Thanks for the suggestions. We may simply end up having to move to a more powerful version of arc lamp.

I'm not sure lasers are what we want, unless we can get a laser that has several frequencies it will emit in simultaneously. That may be what the Lambda 421 was created for.

Thanks for all the replies.


----------



## The_Driver (Jun 16, 2017)

What I meant with laser:
http://optics.org/news/4/11/17
A blue laser (or multiple ones) are focused onto a phosphor disc to create a concentrated point of white light which can the be focused with optics like an LED. It works because the converted light is emitted isotropically inside the phosphor.


----------



## ssanasisredna (Jun 16, 2017)

We need more information to give you a proper response.

What exactly are you imaging? .. you said focused onto a fingertip area, but what is your depth of field for imaging? Is this something in free space that you are imaging? I have some basic understanding of the shadowgraph technique, but not enough specifics. What is your imaging system? ... is it direct projection onto an imaging device (given the sizes you mention).

As stated previously, thermodynamics "enforces" the concept of Etendue' ... essentially you can never increase surface brightness (of an emission source), but that does not mean you cannot increase power per unit area delivered. I.e. you can obviously shine 1, 2, or more lasers on a given surface and increase the power delivered per unit area. This does not violate Etendue'. If you think of your spot as the new "emission source", while the power is higher, all those lasers are going in a different direction, so the surface intensity is never higher than any given laser.

For the shadowgraph, from my understanding, you are not illuminating a surface and imaging the reflection off the surface (which could take advantage of multiple illumination points), but passing light through "something" and imaging the shadow. Essentially you want a collimated light source ... I think you used the analogy of "rod" of light ... .and it is that collimation that also gives you your focus in a shadowgraph?

Unfortunately a more powerful arc source may not improve your situation. Larger arc lamps do not necessarily have higher source brightness ... they just have larger arcs that make them harder to focus.

Laser pumped phosphor (as was suggested) can achieve source brightnesses on the level of arc lamps and optically may be easier to work with.

If you can use actual laser, possibly using a combiner to combine multiple wavelengths, then a beam expander, that will probably be the best.


----------



## FRITZHID (Jun 16, 2017)

combining multiple laser beams in order to make a "white" laser will have it's issues as well seeing that it's almost impossible to combine them close enough to appear as "one" beam. think of the old school Projection TVs, they always had the RGB shimmer on the outside edges. you MIGHT be able to work with an AR/KR laser which will provide 6-11 separate laser freqs in a single beam, but those lasers are getting harder and harder to find.

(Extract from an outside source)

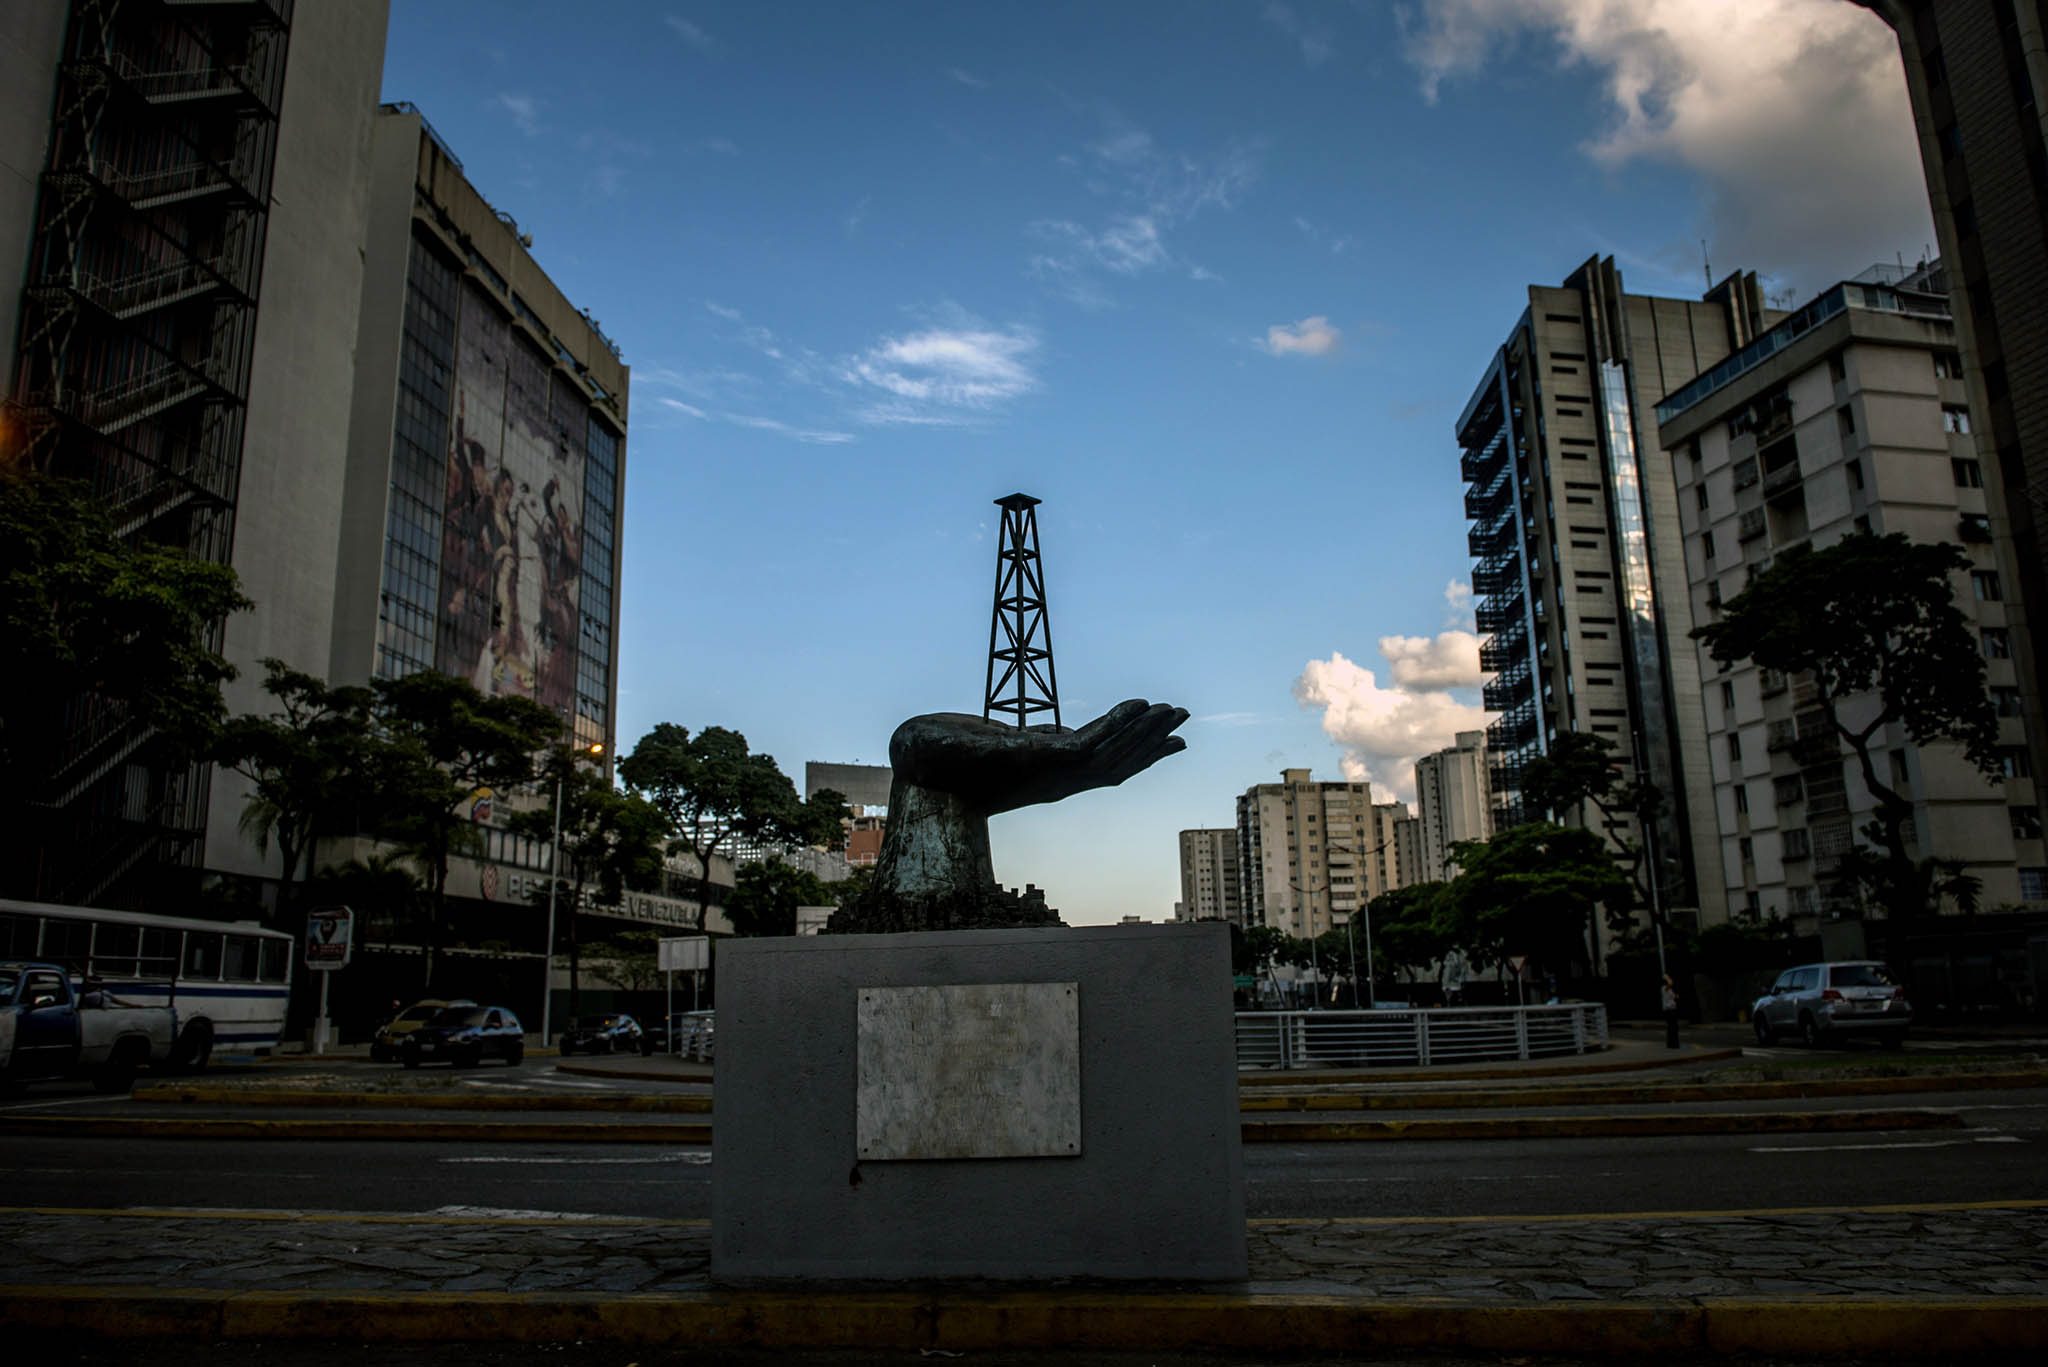 The headquarters of PDVSA, Venezuela’s state-owned oil company, in Caracas. February 6, 2019. (Meridith Kohut/The New York Times)

is "shadowgraphing" anything like a schlieren camera setup? if so, only a point light source will work due to the physics of light itself.


----------



## Jacob_Norman (Jun 16, 2017)

The shadowgraph system we use is as follows: A retroreflective screen is placed at one end of the test room, with a camera opposite. The test specimen is placed between the 2. A glass rod, roughly .5" diameter, cut at a 45* angle on one end and mirrored on the same end is mounted to the end of the camera lens, with the mirrored end pointing "out" of the camera. There is a light source (what we're discussing here) placed 90* from the camera, with the emitted light set to be reflected from that glass-rod. Obviously, the glass rod is angled so that the 45* angle will reflect the light into the test area.

From the camera's POV, light is being reflected from a small surface in front of the lens through the test area, retro-reflected back through the test area, and into the camera sensor. 

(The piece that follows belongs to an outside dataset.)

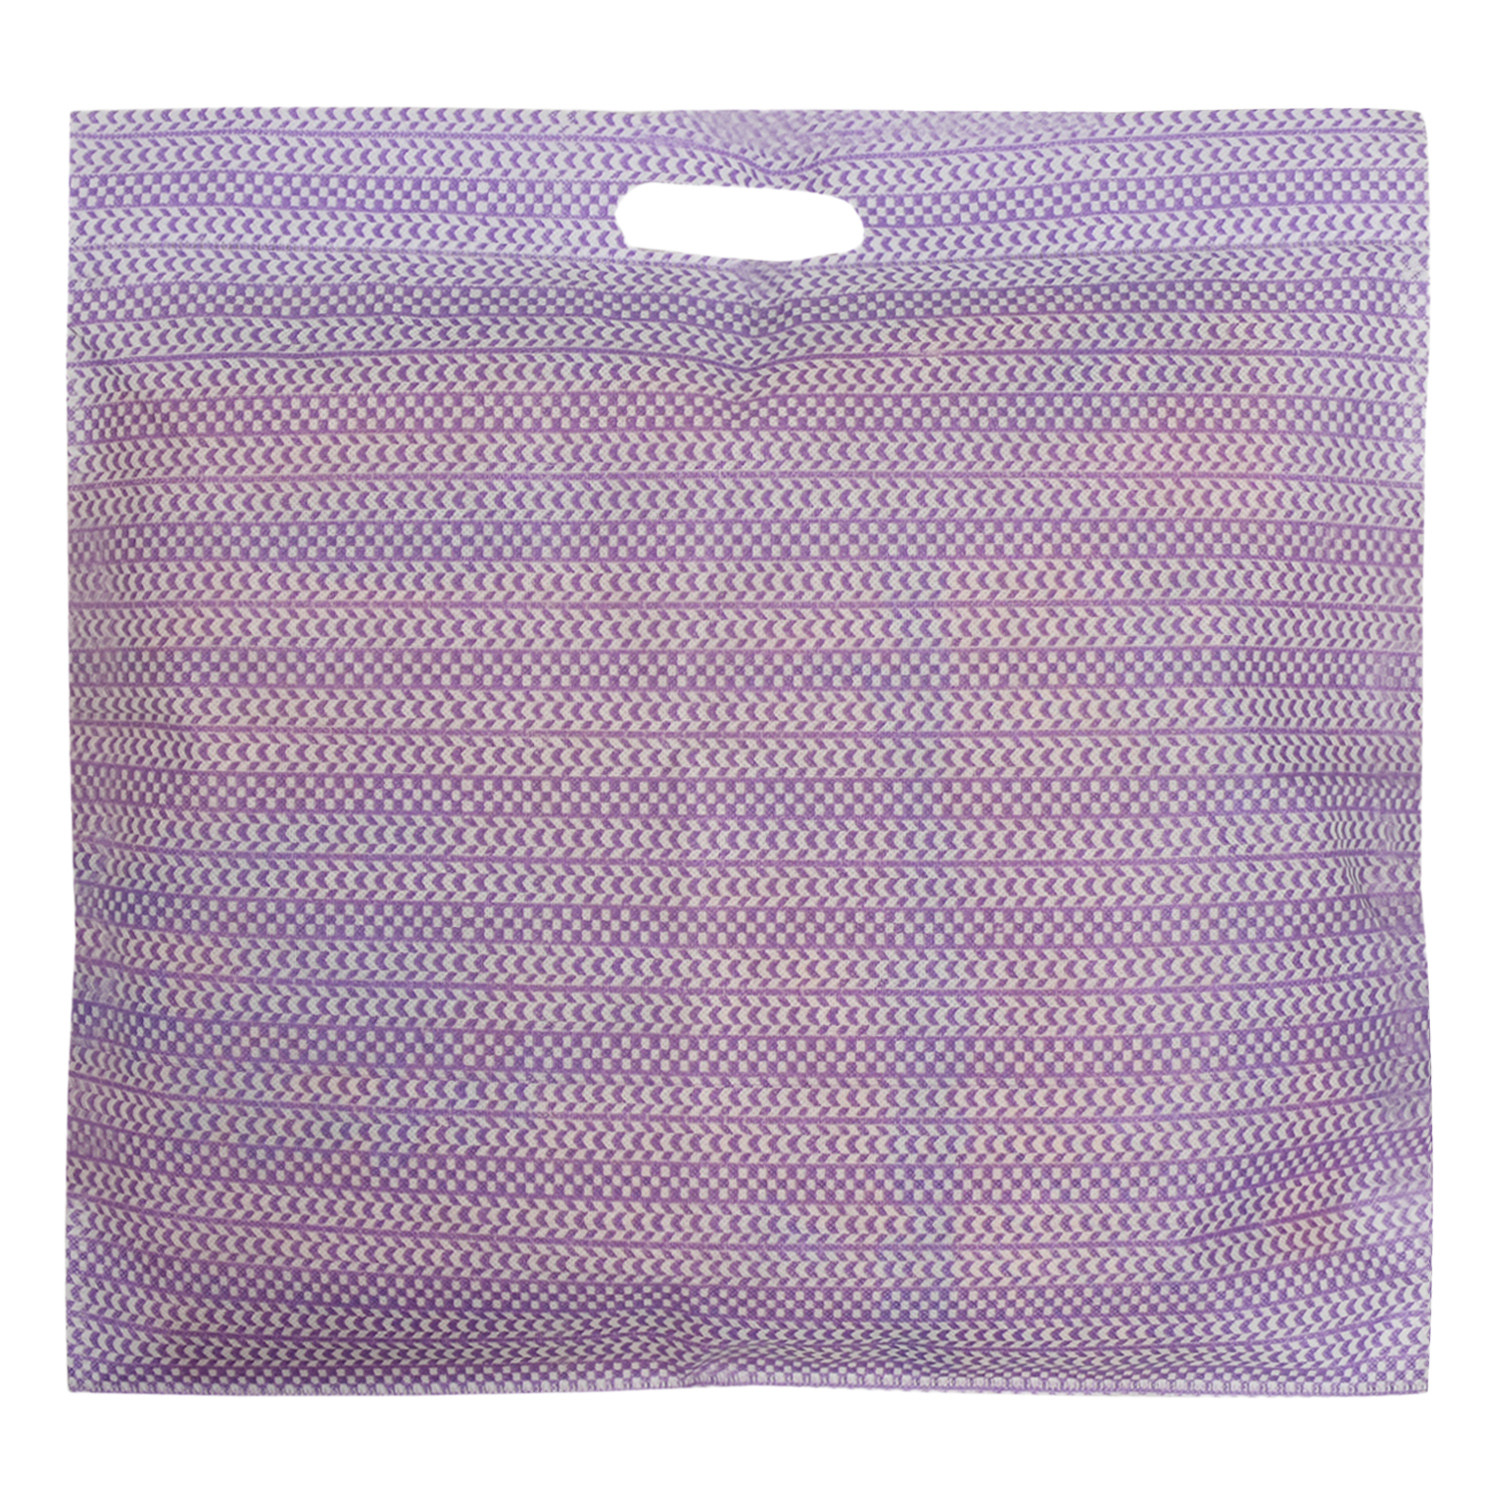 Kuber Industries Non-Woven Single Saree Covers With Transparent Window With Handle(Purple)

WHAT we are imaging varies quite wildly, but usually has something to do with energetic materials. Our test setup will also vary from test to test. For the lab, we may have some consistency (and wiggle room) built into our general setup, but it requires us to focus the light for each test individually. So the specific output characteristics of lab-shadowgraph light aren't as important as it being a nearly-point source. This type of shadowgraph setup is relatively easy to deal with, and we don't actually need the arc-lamp (or anything nearly as powerful) for the lab tests. In fact, we'd like to NOT have to use it, as using it for extended periods of time will cause indoor sunburns!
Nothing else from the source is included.